May I know what kind of alignment/mapping software do you use?

I use 'bwa mem' but my use case is processing of DNA sequencing data. It is very fast and reliable with default settings. Nevertheless, bwa and similar mappers should be suited also for bacterial RNA sequencing since bacteria do not splice their messanger RNA.

In the beginning it took me quite a while to fiddle out how to write shell scripts to start bwa runs in a comfortable way and to handle the resulting sam files. You will definitely need to learn some kind of shell or script programming if you want to go that route.

Why don't you do a DNA sequencing run of your particular isolate before you go into RNA sequencing?
--
piet

**michaellim** · 12-20-2014, 05:50 AM

Originally posted by piet View Post

I use 'bwa mem' but my use case is processing of DNA sequencing data. It is very fast and reliable with default settings. Nevertheless, bwa and similar mappers should be suited also for bacterial RNA sequencing since bacteria do not splice their messanger RNA.

In the beginning it took me quite a while to fiddle out how to write shell scripts to start bwa runs in a comfortable way and to handle the resulting sam files. You will definitely need to learn some kind of shell or script programming if you want to go that route.

Why don't you do a DNA sequencing run of your particular isolate before you go into RNA sequencing?
--
piet

Hi Piet,

I see, I have close to none coding/programming knowledge, then maybe BWA is not suitable then. But I will check out the website for more info about it.
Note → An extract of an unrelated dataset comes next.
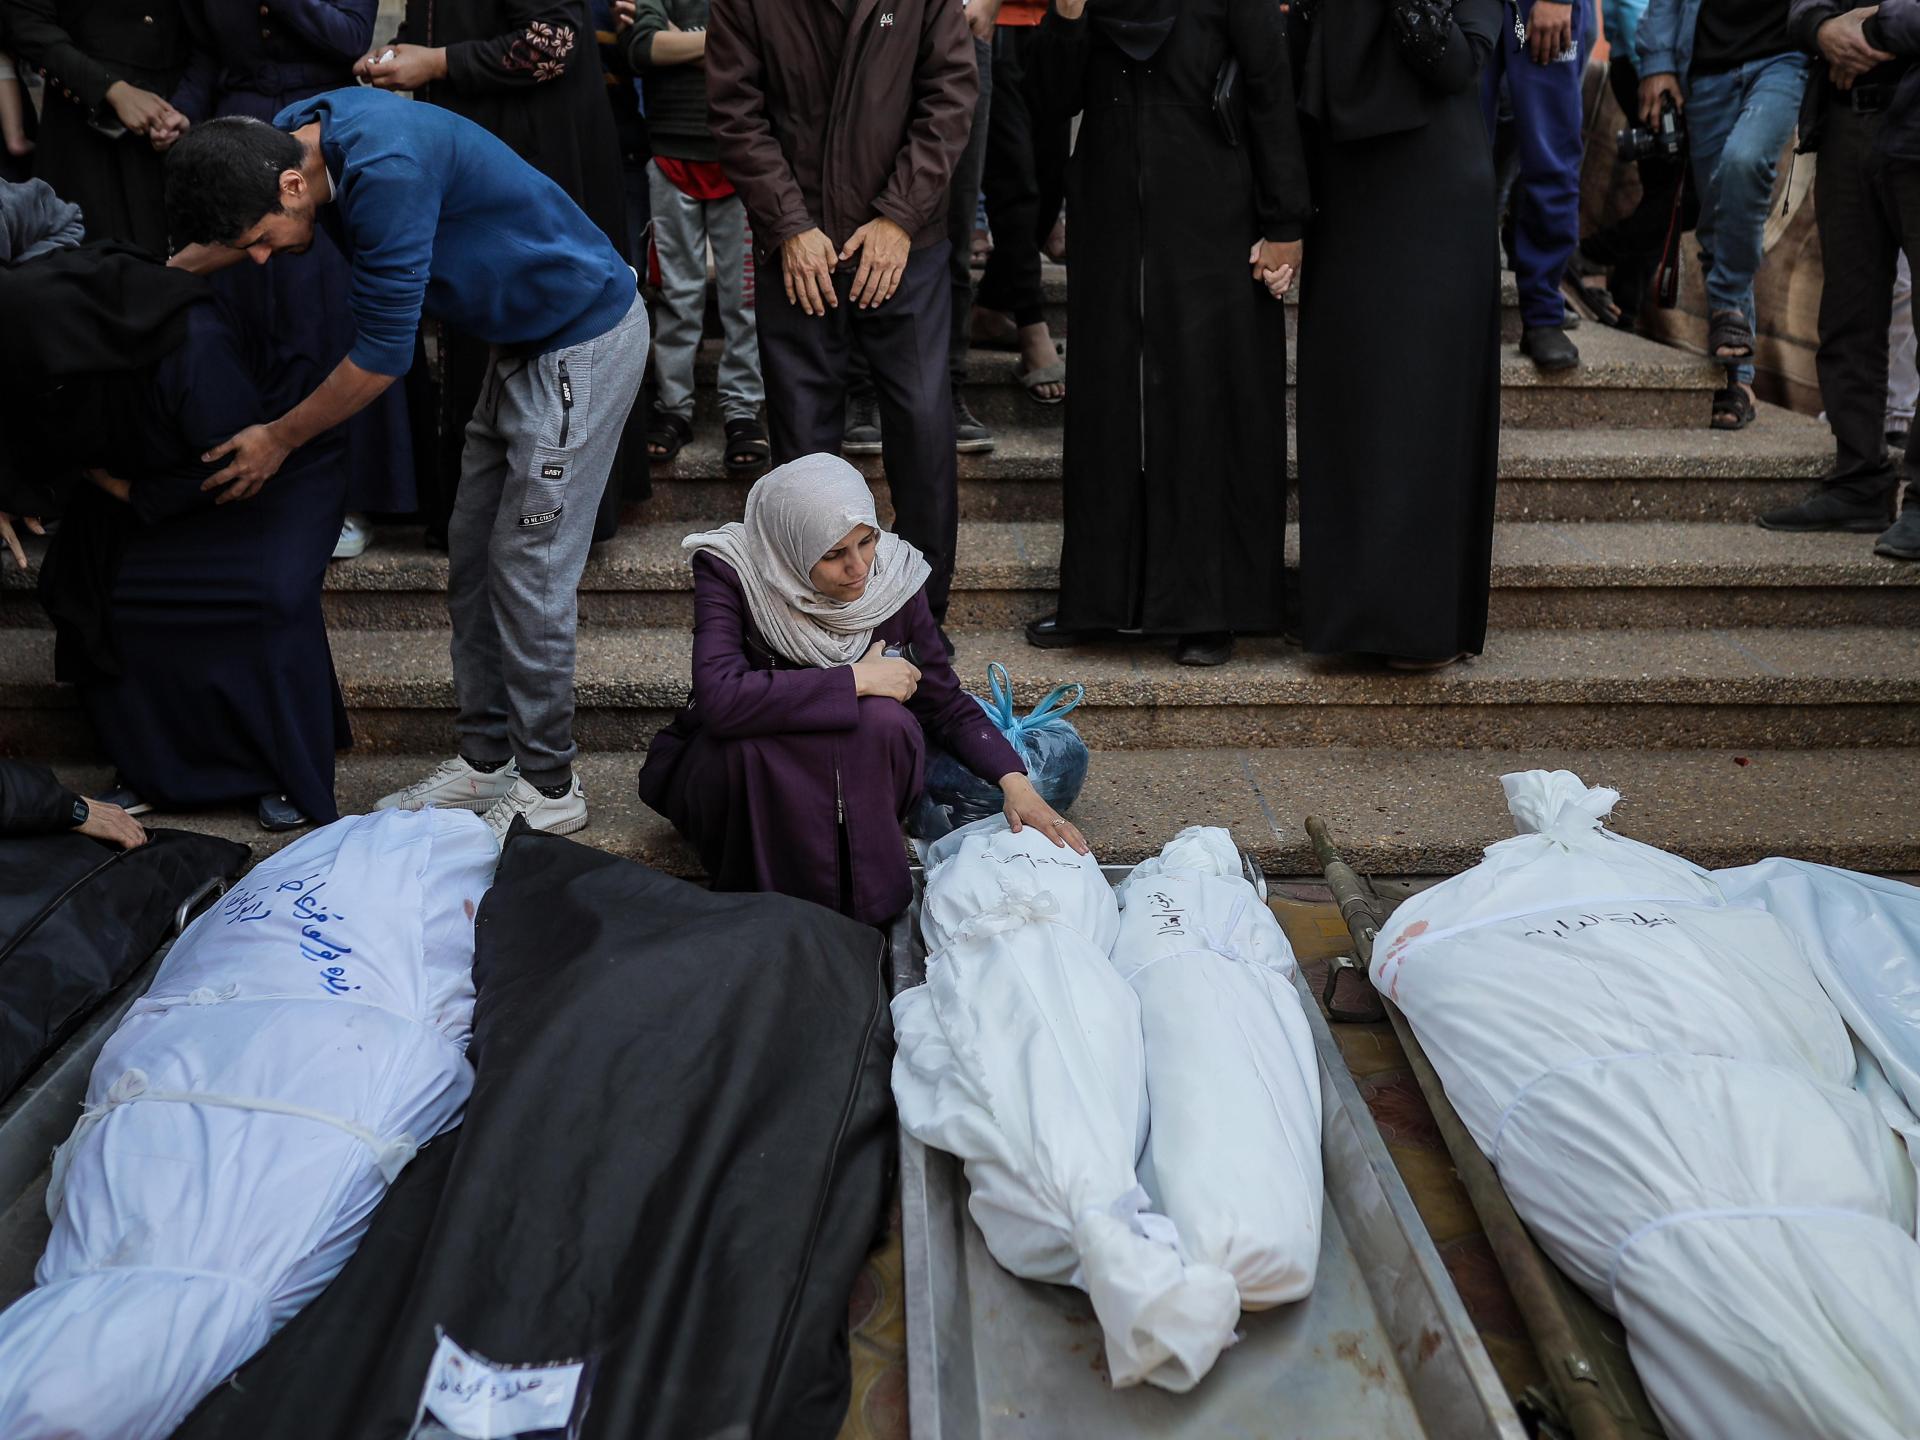 حكومة غزة تتهم إسرائيل بسرقة أعضاء من جثامين شهداء وتدعو لتحقيق دولي

I did consider DNA sequencing the genome of my sequence type strain, but the lab has limited funds.

Thank you very much.

**michaellim** · 12-20-2014, 05:52 AM

Dear All,

May I also ask, since my RNA seq libraries were about 260 bp in size according to Illumina's preparation protocol, for the FASTQ files which I've currently have, do I need to remove the Adapter (Index) sequences before mapping on the reference genome?

Many thanks.

**michaellim** · 12-20-2014, 05:54 AM

Originally posted by GenoMax View Post

That is a likely explanation. If submitters are not completely sure that the contigs go together (there could be multiple plasmids in some bacteria and the separate pieces may be real) they would be left in that state.

Hi Sergio,

May I check with you whether I need to trim the adapter sequence from my RNA seq FASTQ file? My Library was about 260 bp each.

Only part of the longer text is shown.